Past SAFARI Live Seminars: https://safari.ethz.ch/safari-seminar-series/
Title: PyGim: An Efficient Graph Neural Network Library for Real Processing-In-Memory Architecture
Speaker: Christina Giannoula, University of Toronto & incoming faculty at MPI-SWS
https://people.mpi-sws.org/~cgiannoula
Talk Details: https://safari.ethz.ch/safari-live-seminar-christina-giannoula-sept-23-2025/
Slides (pdf): https://safari.ethz.ch/wp-content/uploads/PyGIM_SAFARI_Live_Seminar_Sept2025_Clean.pdf
Abstract:
Graph Neural Networks (GNNs) are emerging ML models to analyze graph-structure data. Graph Neural Network (GNN) execution involves both compute-intensive and memory-intensive kernels, the latter dominates the total time, being significantly bottlenecked by data movement between memory and processors. Processing-In-Memory (PIM) systems can alleviate this data movement bottleneck by placing simple processors near or inside to memory arrays. In this talk, we will introduce PyGim, an efficient ML library that accelerates GNNs on real PIM systems. We propose intelligent parallelization techniques for memory-intensive kernels of GNNs tailored for real PIM systems, and develop handy Python API for them. We provide hybrid GNN execution, in which the compute-intensive and memory-intensive kernels are executed in processor-centric and memory-centric computing systems, respectively. We present an extensive evaluation of PyGim on a real-world PIM system with 1992 PIM cores using emerging GNN models, and we will demonstrate that it outperforms its state-of-the-art CPU counterpart on Intel Xeon by on average 3.04x, and achieves higher resource utilization than CPU and GPU systems. PyGim is open source at https://github.com/CMU-SAFARI/PyGim.

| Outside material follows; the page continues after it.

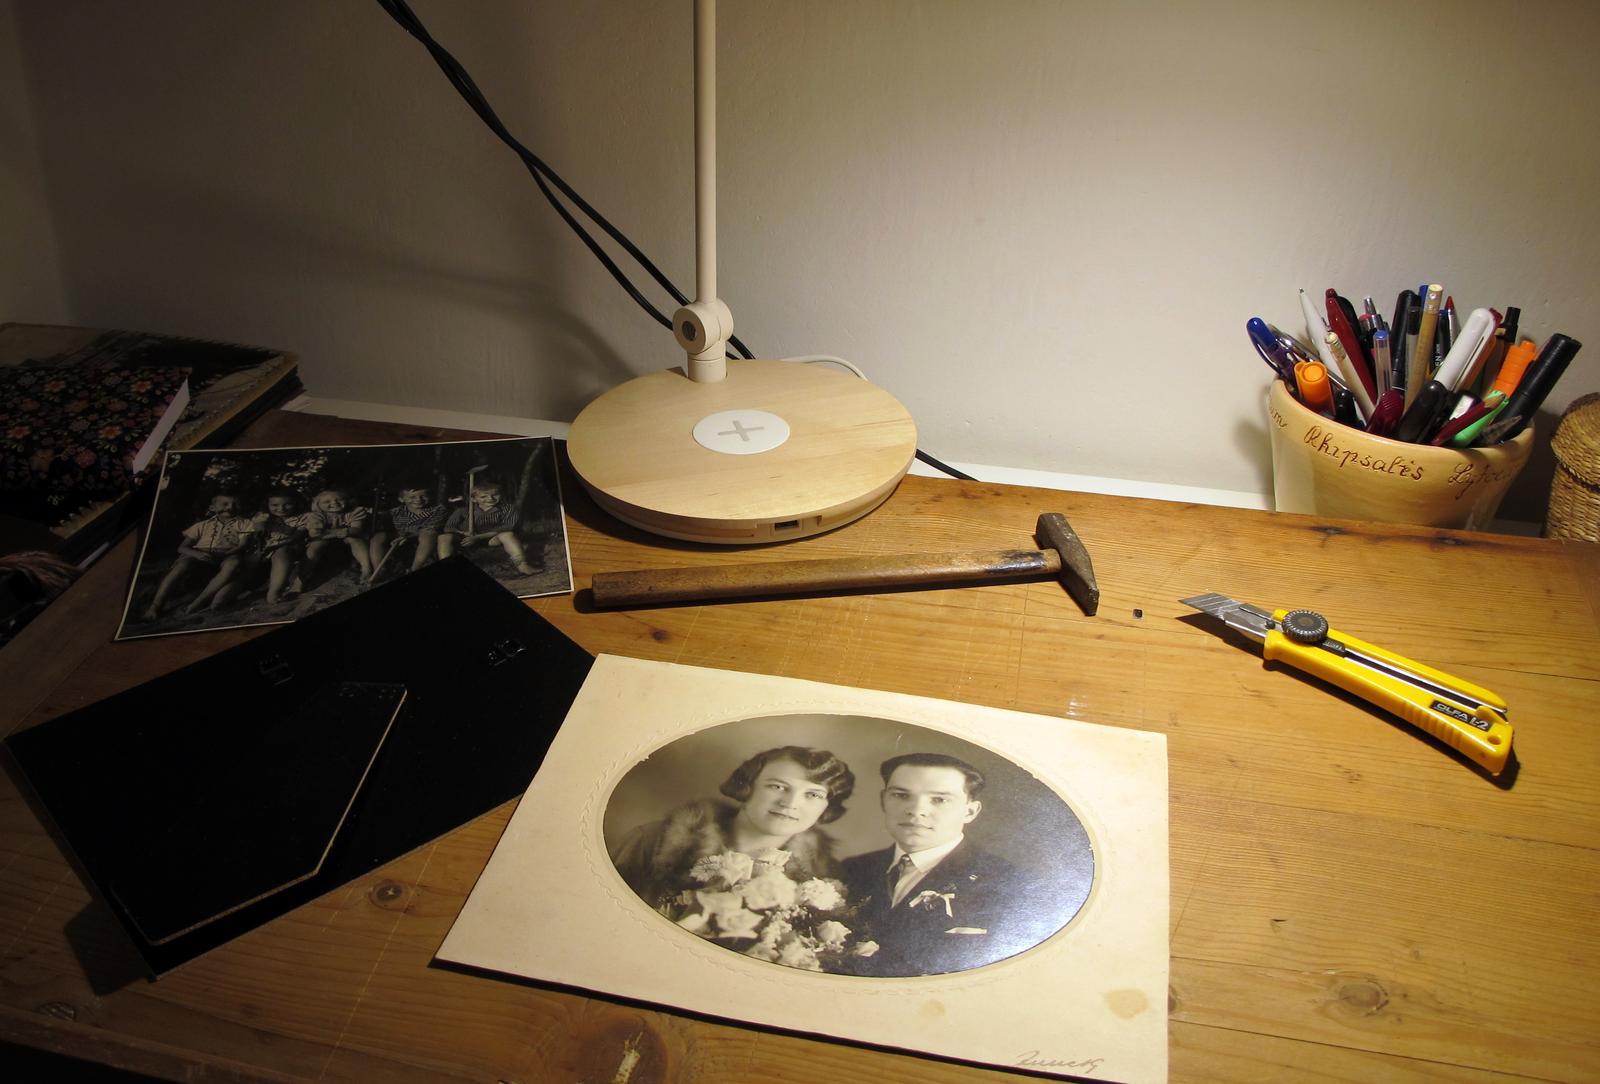 Staré věci v novém kabátě - Staré fotky jsou úžasné..budou v domácí galerii

Bio: Christina Giannoula is an incoming Tenure-Track Faculty at the Max Planck Institute for Software Systems (MPI-SWS), where she will lead the SPIN research group. She is currently a Postdoctoral Researcher with the University of Toronto and received her Ph.D. degree from the School of Electrical and Computer Engineering, National Technical University of Athens, advised by Prof. Georgios Goumas, Prof. Nectarios Koziris, and Prof. Onur Mutlu. Christina is also an affiliated senior researcher at the SAFARI research group at ETH Zurich. Her research interests include the intersection of computer architecture, computer systems, and high-performance computing. Specifically, her research focuses on the hardware/software co-design of emerging applications, including graph processing, pointer-chasing data structures, machine learning workloads, and sparse linear algebra, with modern computing paradigms, such as large-scale multicore systems, disaggregated memory systems, and near-data processing architectures. She has several publications and awards for her research on the aforementioned topics.